In our report we seek to puncture some of the (second-hand) misconceptions about robo-advising. For example, robo-advisor firms are all about technology, certainly, but the first wave of robo-advisors are not yet as robo as can be; there’s more to come in terms of deployment of artificial intelligence and mobile technology, to name just two areas for future progress. Nor are robo-advisors homogenous pure passive index-trackers; among them there’s considerable variety when it comes to investment strategies – though it is true to say that many of them use passive ETFs as their main investment vehicles.

At the same time MyPrivateBanking believes that wealth managers are in danger of becoming dangerously complacent about the robo-advisor phenomenon. Industry practitioners and commentators may think that robo-advisors compare unfavorably with what’s on offer from conventional wealth management businesses but to do so is to place too much faith in the status quo. In particular, relying on face-to-face client meetings as an economic moat to defend one’s client base seems a flawed strategy.

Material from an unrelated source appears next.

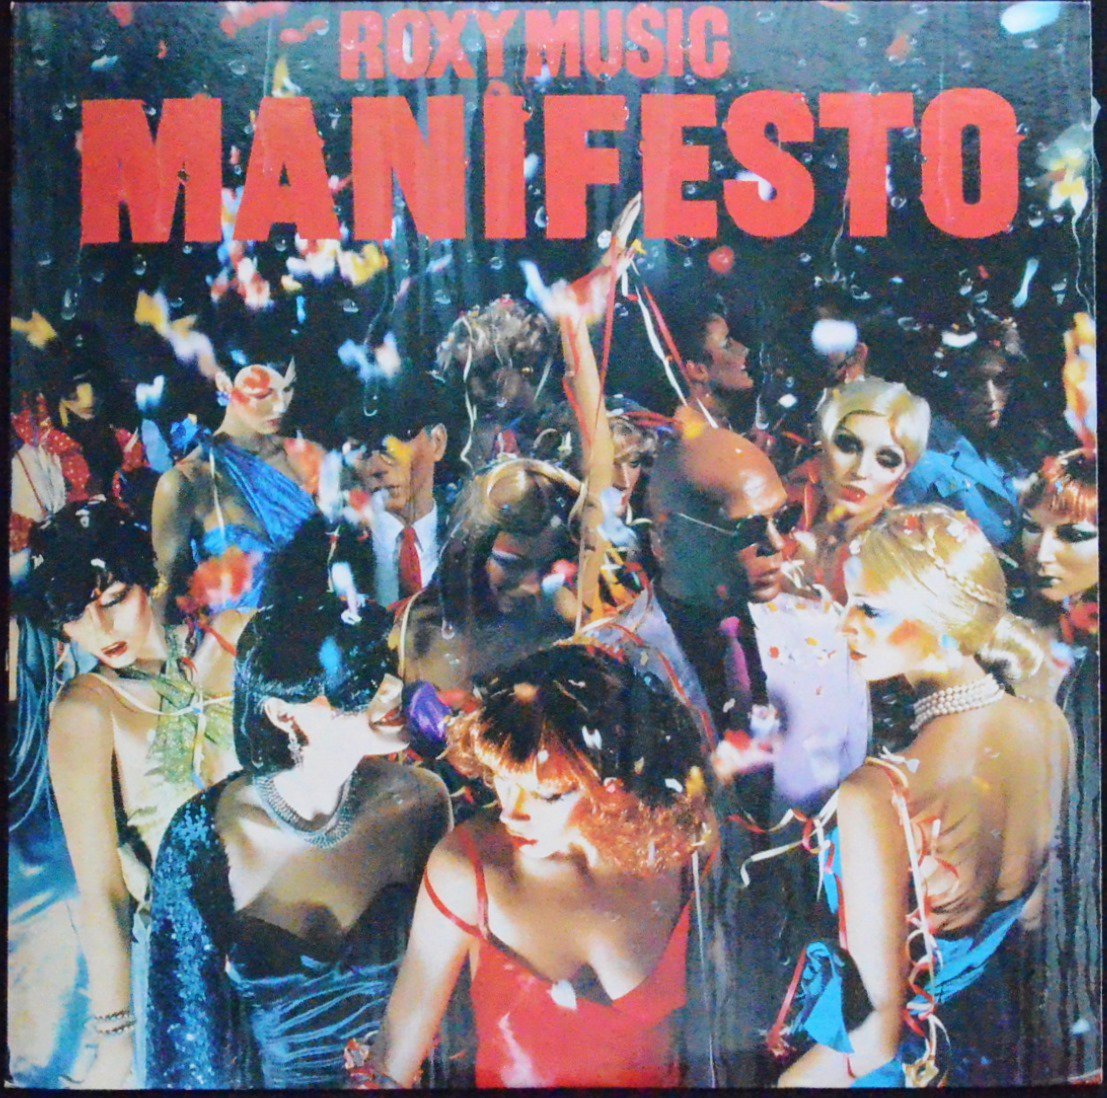 ロキシー・ミュージック ROXY MUSIC / マニフェスト MANIFESTO (LP

In the face of the massive short-fall in the availability of investment advice for the mass-affluent market, the robo-advisor model has what it takes to set this market segment on sustainable wealth acquisition pathways. The robo-advisors are staking their future success on the belief that today’s savers and investors are able to maintain a consistent approach without the hand-holding that has up until now been seen as necessary by the wealth management industry. The danger for conventional wealth managers is that the lean, efficient robo model will catch on among their HNWI clients. No one should be in any doubt that robo-advisors are very focused on client enrolment and their approach is scale-able both in terms of pure numbers and the size of individual client portfolios they can work with.